Hardening a SLES server
Customers often request information about how to "harden" a SLES server: in other words to set it up in such a way that it is less vulnerable to attack or security threats than in the default installation.
The reasons for such a request vary. Understandably customers are concerned about security breaches, and often their experience with other operating systems, particularly in an internet-facing role, may not have been encouraging.
However, it is not possible to react sensibly to a very general request from management to "make these servers as secure as possible" without first making a specific assessment of what the relevant security threats are in a particular environment and what you want to achieve.
In practice, a fully patched internet-facing SLES system running a firewall can be considered extremely safe from external and internal attack. Apart from the threat from external malicious attackers, it is also important to consider the possible potential threats from internal users and administrators, both through error and deliberate action.
Fortunately, SLES provides various tools which can assist both in hardening the system against external attack, and with detecting and auditing undesirable changes to the system.
Permissions on system files need to be set correctly so that a user or process
cannot make unauthorised changes to these files. This is a function of the
operating system installation. In general, provided you do not change
permissions on system files, all should be well. However, SUSE systems have
various levels of pre-set permissions, which are defined in the files
/etc/permissions.paranoid. There are also some
permissions settings defined for the operation of particular programs in files
One might ask why it would ever be advisable to set less than the strictest possible set of permissions. The answer is that on multi-user systems, the strictest possible set of permissions will have an effect that prevents normal non-root users from doing certain things that they need to do: accessing particular devices (for example using a program to write to a CD), on a desktop system shutting down the system, and so on.
There is an element of balance that has to be struck between locking the system down tightly so that people cannot do the things that they need to do, and leaving too many possibilities for bad things to happen.
To set one of the preset system-wide permissions settings, one can use YaST's
"Local Security" module (yast2 security), or they can be set manually in the
/etc/sysconfig/security. You can create your own list of file
permissions (for example
/etc/permissions.mysite) and then refer to this in
/etc/sysconfig/security just using the key word
mysite. After making any
changes made in
/etc/sysconfig/security, the program SuSEconfig should be run
so that the changes are applied to the system. If using the YaST "Local
Security" module, this will be done automatically on exit.

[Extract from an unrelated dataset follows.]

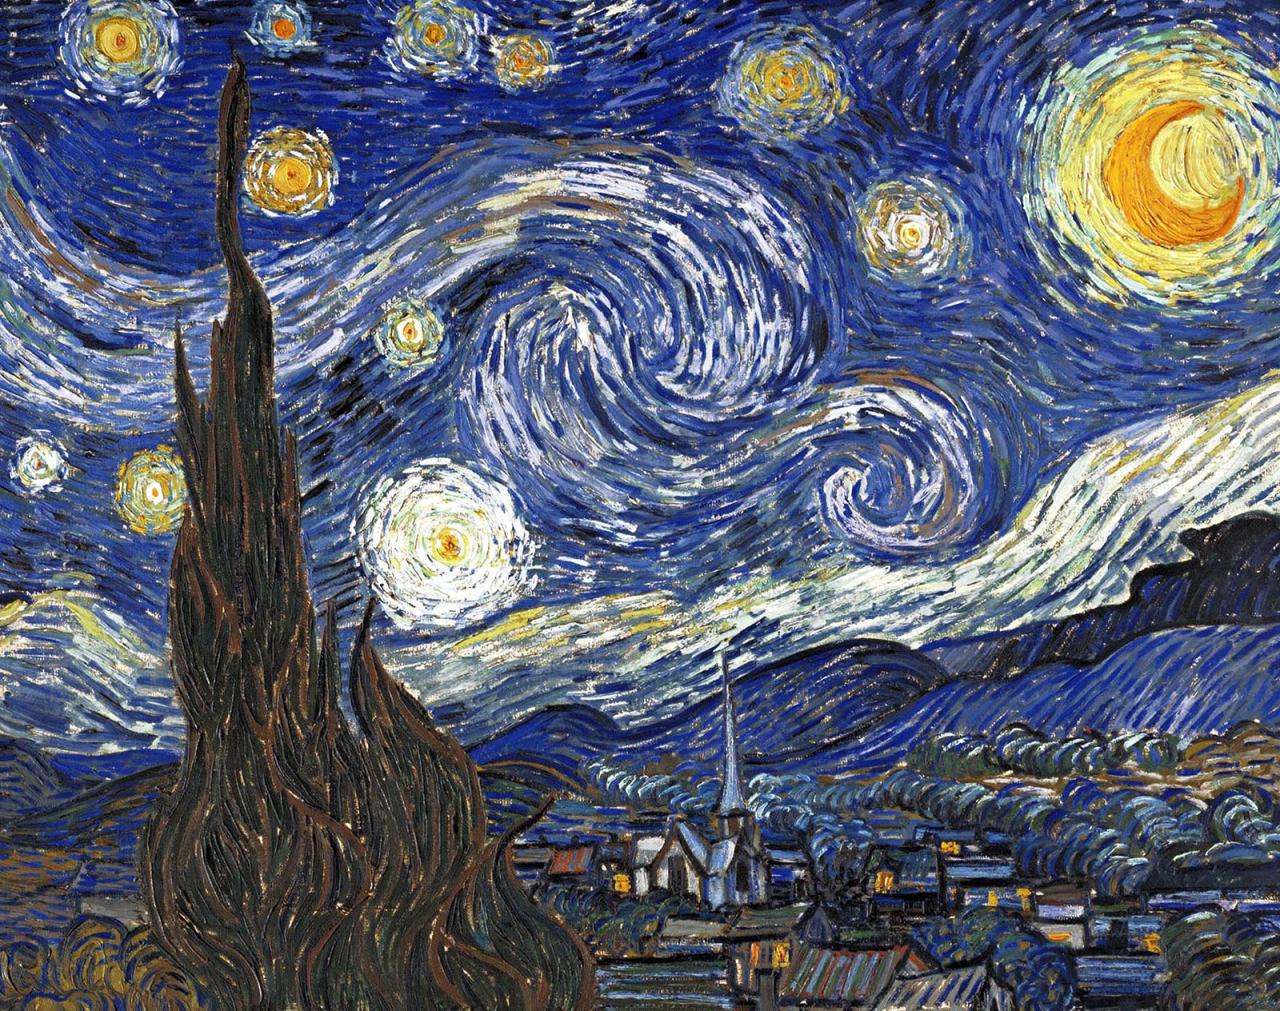 Vincent Van Gogh | Biography, Art, & Facts | Britannica

There are a small number of files that need to have SUID root permissions set: such programs are a possible attack vector: you can check which files on the system have SUID permissions with a command such as:
find / -type f -perm -u=s -ls
Files that are both executable and writable by others can be found using
find / -type f -perm -o=w,u=x -ls
The file permissions checks mentioned above and a variety of others are included in the functionality of the seccheck package, which runs various tests on the system on a regular basis as cron jobs.
The following daily checks are done:
/etc/passwd check : length/number/contents of fields, accounts with same uid accounts with uid/gid of 0 or 1 beside root and bin /etc/shadow check : length/number/contents of fields, accounts with no password /etc/group check : length/number/contents of fields user root checks : secure umask and PATH /etc/ftpusers : checks if important system users are put there /etc/aliases : checks for mail aliases which execute programs .rhosts check : checks if users' .rhosts file contain + signs homedirectory : checks if homedirectories are writable or owned by someone else dot-files check : checks many dot-files in the homedirectories if they are writable or owned by someone else mailbox check : checks if user mailboxes are owned by user and unreadable NFS export check : exports should not be exported globaly NFS import check : NFS mounts should have the "nosuid" option set promisc check : checks if network cards are in promiscious mode list modules : just lists loaded modules list sockets : just lists open ports
The following weekly checks are done:
password check : runs john to crack the password file, user will get an email notice to change his password asap rpm md5 check : checks for changed files via rpm's md5 checksum feature suid/sgid check : lists all suid and sgid files exec group write : lists all executables which are group/world writeable writable check : lists all files which are world writable (incl. above) device check : lists all devices
The following monthly things are done:
The monthly file is not a diff like the daily/weekly ones but the full reports in one file.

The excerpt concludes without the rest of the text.